The FDA released briefing documents prior to the panel's vote, signaling its concerns about results from the new drug's second phase study. The agency is likely planning on using this setback to seek more robust data from Amylyx with a larger size clinical trial. Company officials said the third phase should include 600 ALS patients, with a scheduled release date in 2024.

That date feels like a rumor to people in Palucki's situation.

"The FDA says they want more tests," he told me last week. "We have nothing to lose by taking this drug!"

I would likely feel the same way if this new drug could even potentially extend my life by just a few months. ALS destroys nerve cells in the brain and spinal cord needed to walk, talk, swallow and eventually breathe. Most people die within three to five years of their first symptoms. Palucki is now in his fifth year with ALS.

"This disease is fatal, and the FDA threw us under the bus," he said.

To its defense, the agency has come under fire for approving an expensive medication for Alzheimer's disease with what critics called insufficient evidence of its efficacy. With the new Amylyx medication, the FDA faces more scrutiny from patient groups despite the desperate hopes of ALS patients.

Last month I learned that an old friend from my teenage years has been diagnosed with the disease.

"He's come to grips with it," another friend told me.

Coming to grips with premature death is a fact of life for ALS patients. There's no cure. Only a heightened appreciation for life's fleeting moments.

"Knowing what awaits me in the future, I have become more aware," Palucki said. "I appreciate people and things around me."

Palucki's wife of 57 years, Ceil, is his caregiver. The couple met in 1963 while working together at Sears in the city.

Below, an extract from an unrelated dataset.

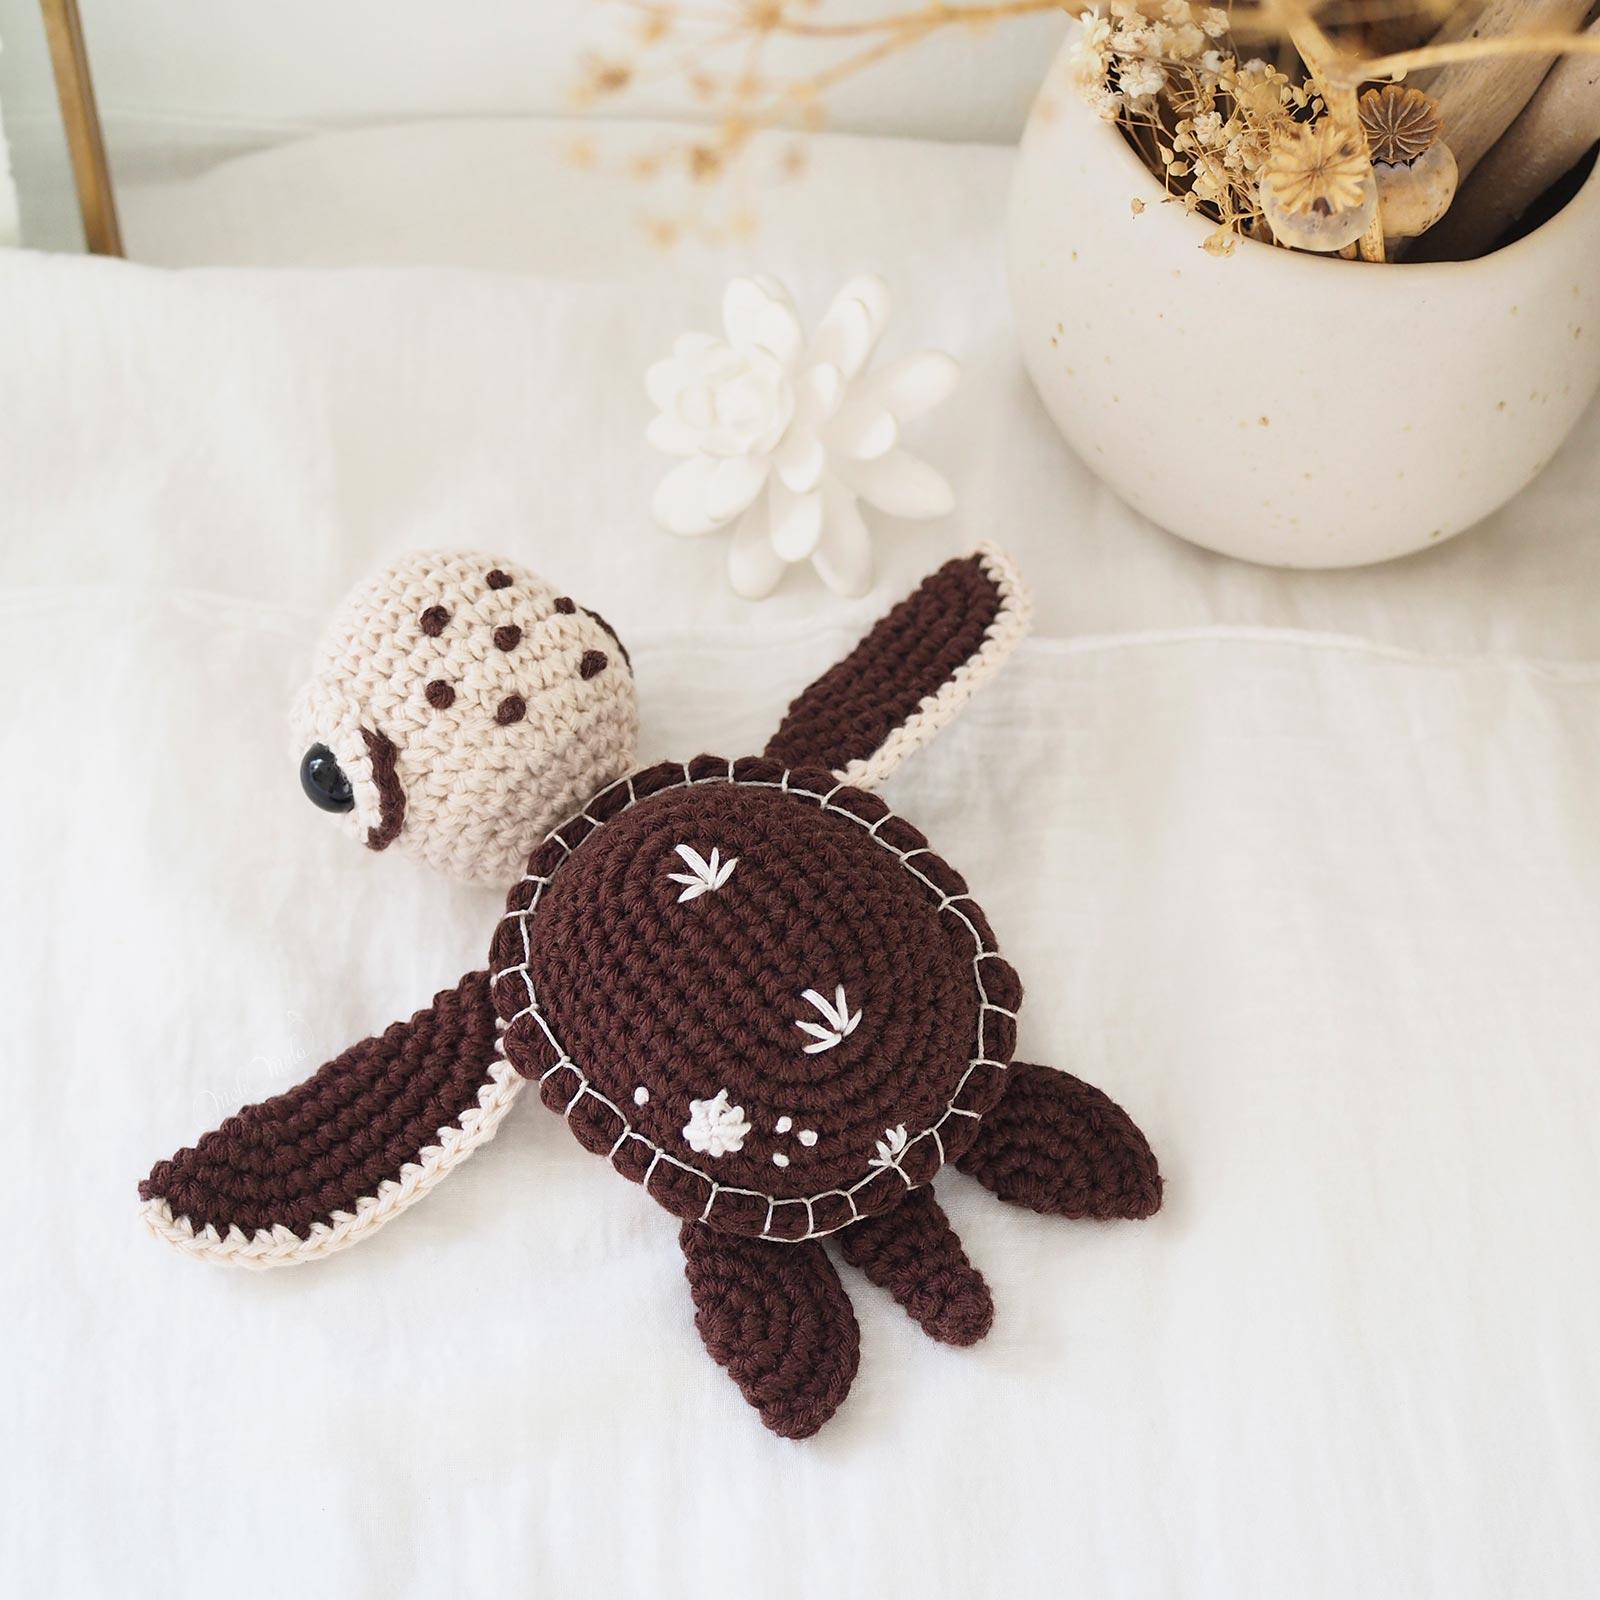 crochet-amigurumi-green-sea-turtle-amigurumiwildlife-tortue-mer-ricorumi-laboutiquedemelimelo

Last week I stumbled onto a social media photo of former Chicago Bears player Steve McMichael, who was diagnosed with ALS in 2020. "Mongo" was in a hospital bed surrounded by former Bears players. He looked even more frail, more helpless, more vulnerable than he did last year at this time when I wrote about "my hero."

The fragility of life and ferocity of disease feels even more poignant when it comes to our heroes from once upon a time.

This is how I first met Palucki, who was desperate for public awareness of what ALS patients are going through. He reached out to me after reading about McMichael. "We need someone to advocate for us," Palucki told me.

They also need empathy from us. This latest "setback," as experts describe it, is so much more than merely a setback. Contrary to many people's beliefs, time is all we have in life. A few additional months, even potentially, can feel like a few more years.

Who among us wouldn't be desperate for a few more years? Or a few more moments?